一部の研究者によって実験を繰り返された実験体の人々は、彼らを憎悪しながら死んでいき、その負の感情があそこには今だ多く残っているのだ。
それを考えたミルフィーユは、なんだか胸が痛む感覚を覚えた。
「結局今ここで語ったことは全て推測でしかねぇが……だが、人の欲望ってもんはキリがねぇ。だから、自分たちが望むもんの為に、ここにいた奴らはそういうことを平気でやってたんじゃねぇかってオレは考えるぜ」
――"人の欲望にはキリが無い"
「……」
アツシの静かな呟きを聞き、ミルフィーユはハッと顔を上げた。
「人間ってのは自分が本当に信じるものや、自分の目的の為ならどこまでも非情で残酷になれる生き物だからな。それこそ魔族の非情さなんて可愛いもんだと感じるほどに」
そうだ、人間は本当は何よりも残酷な生き物なのだ。
自分たちが信じて望むもののためならば、人間はいかなる犠牲をも良しとする。そして自分たちを正当化してしまう。
だから人は、自分たちの望む楽園を創造するために、大きな過ちを犯してしまった。
そして、その結果が……
「……?」
不意に自分の頭の中に浮かんだ思考に、ミルフィーユは僅かに眉をひそめる。
なんだろう、今の考えは。
俺は何も知らないはずなのに、でも大きな何かを知っている気がする。
それは多分、人間が犯してしまった大罪について。
でも、わかっているけどわからない。
「……」
「……ま、いいや。結局お宝は手に入んなかったけど、ここにゃ縁が無かったってことだな。冒険にゃよくあることだ」
アツシはぼんやりと何かを考え込むミルフィーユに近付き、彼の肩を勢いよく叩いた。
「痛っ! なんですか、アツシさん!」
「こんなとこにずっといてもしゃーねぇ。
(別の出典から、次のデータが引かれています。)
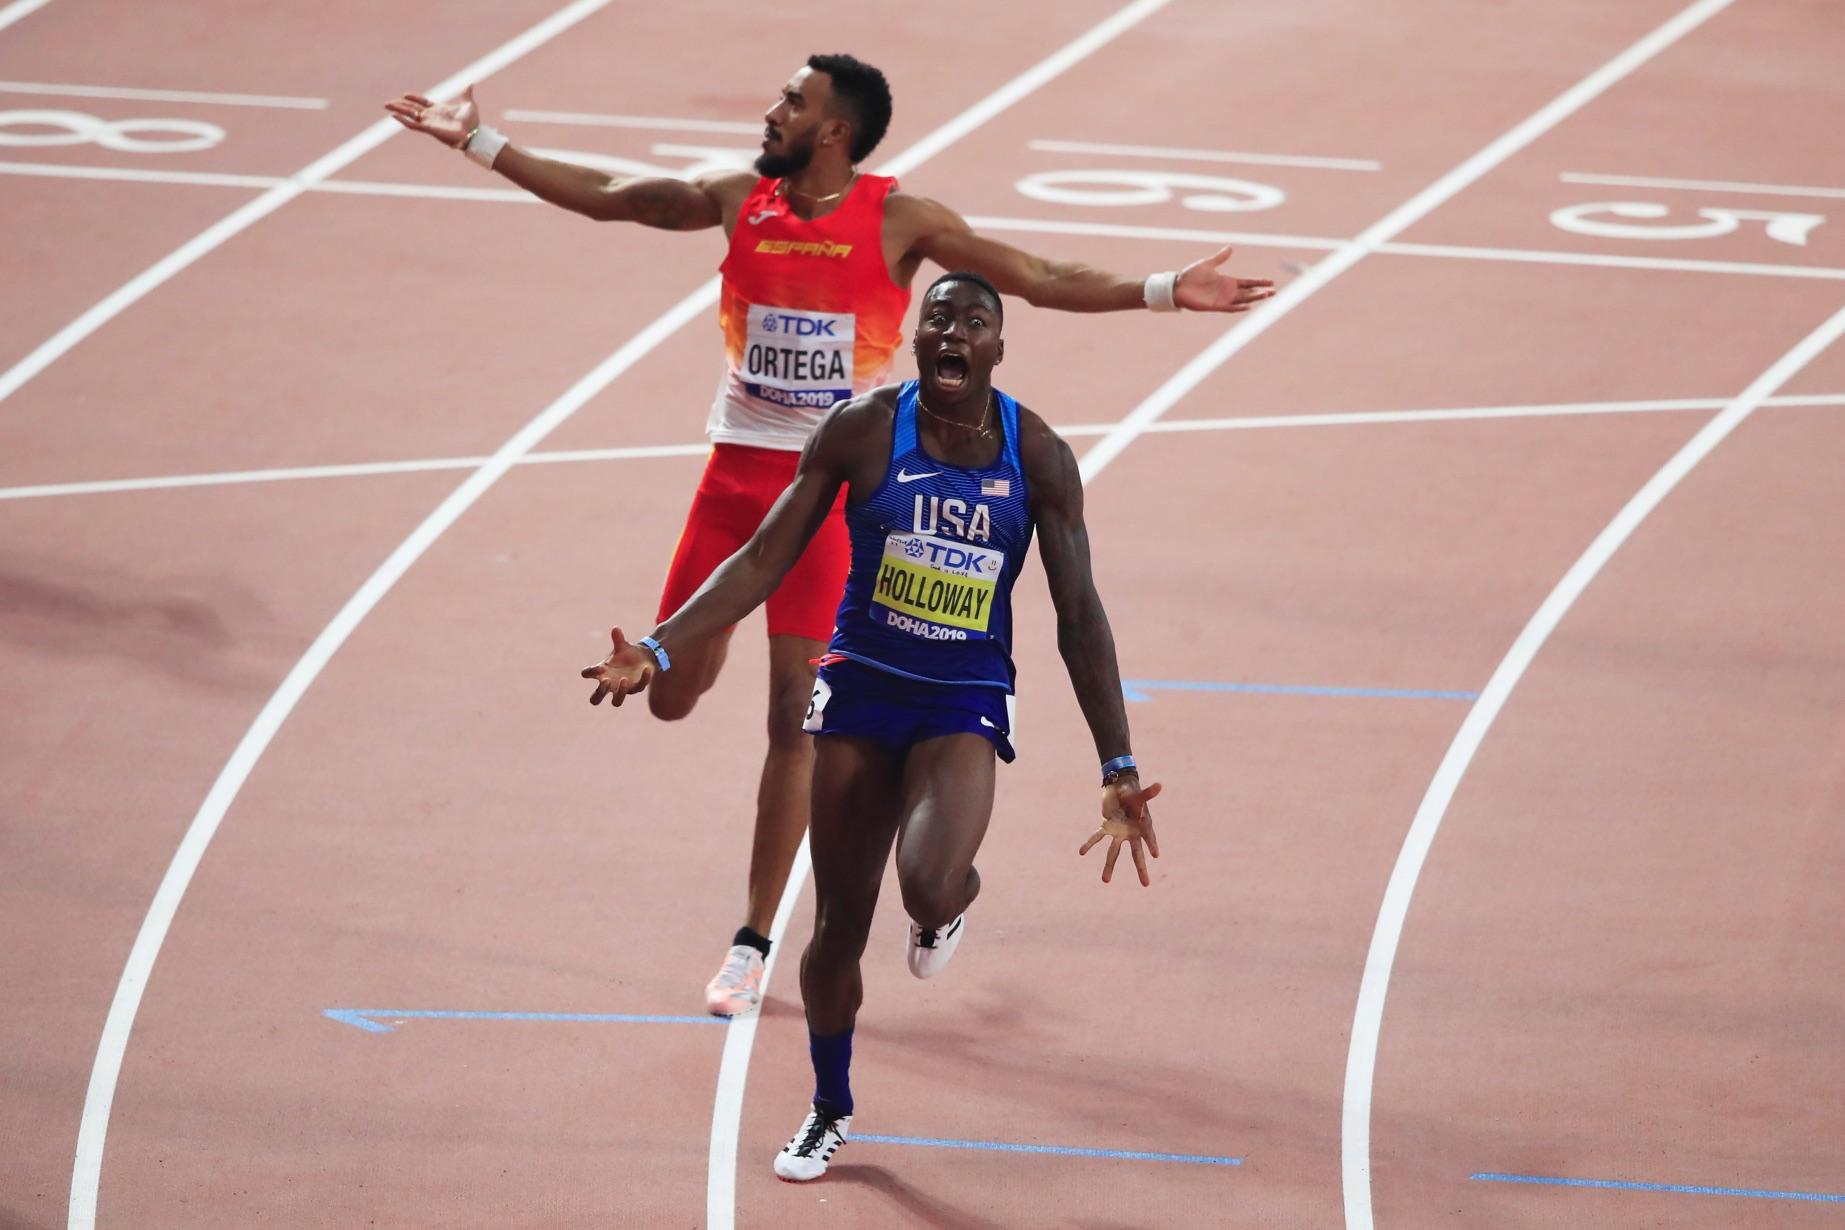 17th IAAF World Athletics Championships Doha 2019 - Day Six - Runner's Tribe
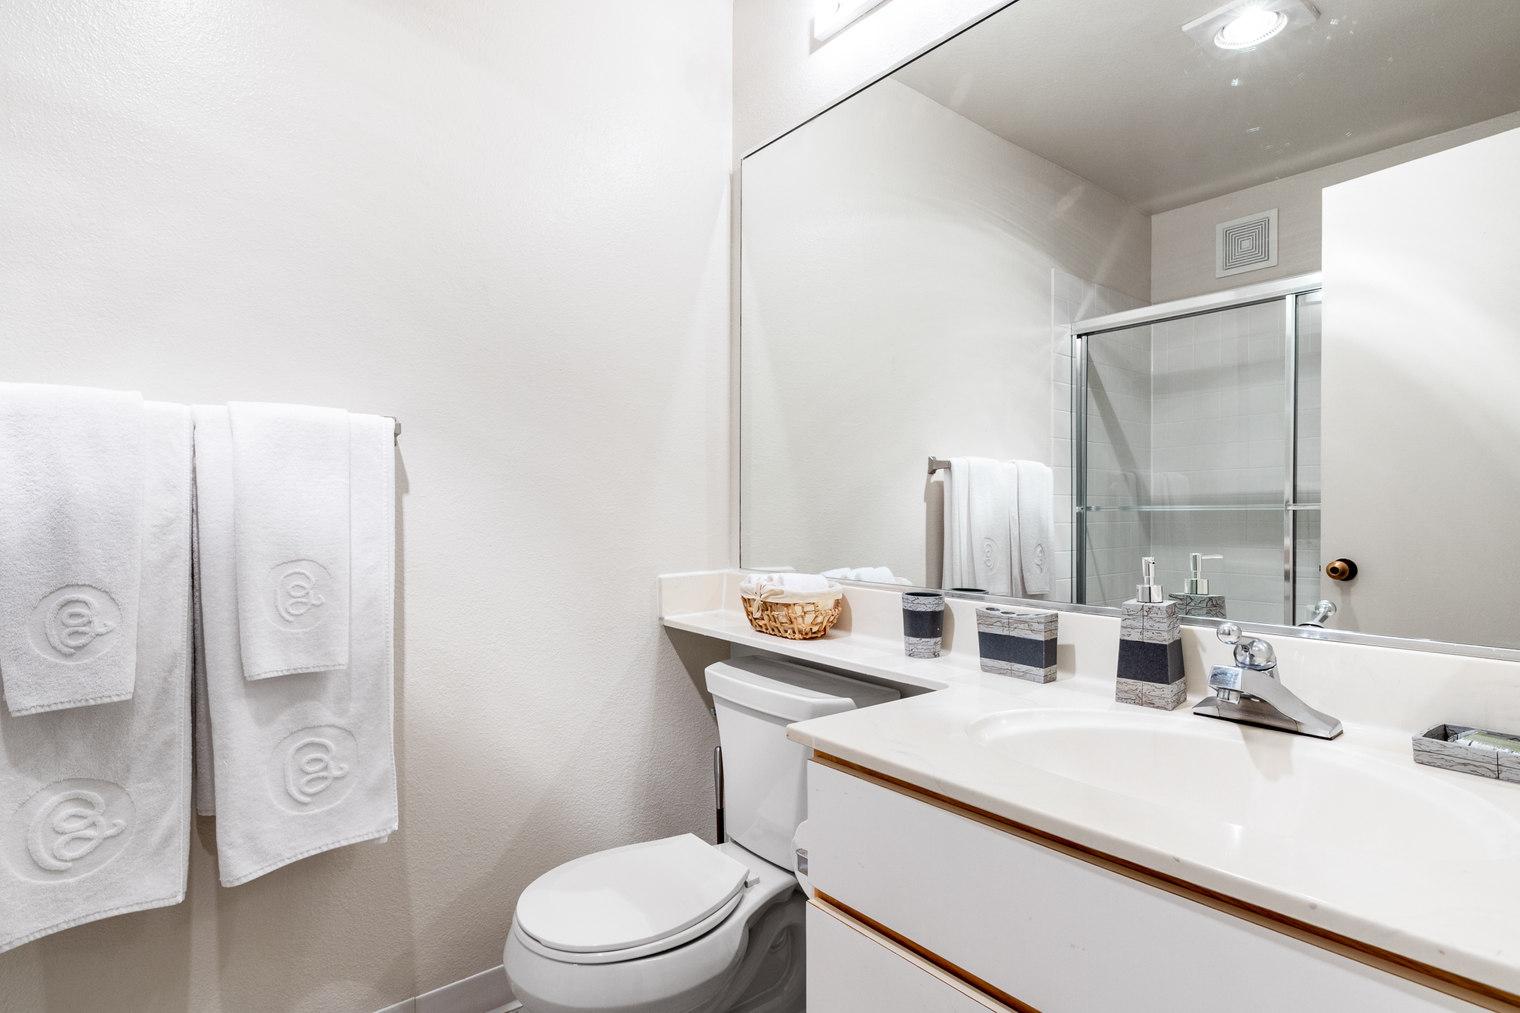 Bathroom at Bayside Village Place

一旦街に戻ろうぜ」
不機嫌そうな表情を向けるミルフィーユに、アツシはにっこりと笑顔を返す。
「……はい」
「よーし、じゃあリオちゃんたちもついでに戻ろうぜ」
「あ、はい! ……ソフィーもいいよね?」
「あぁ」
「オケオケ、じゃあ行くか」
言いながら街へと戻る道に向かって歩きだすアツシ。それに続き、リオとソフィルアもゆっくりと歩きだす。
「……リコリスも行こう」
「……」
ミルフィーユは一人だけ距離を置いたところにずっと立っていたリコリスへ視線を向けて、彼女へ一緒に行こうと声をかけた。
リコリスは暗い瞳でミルフィーユを見つめ、やがてコクリと頷く。
そして二人もまた、アツシたちに続いて共に一歩を踏み出した。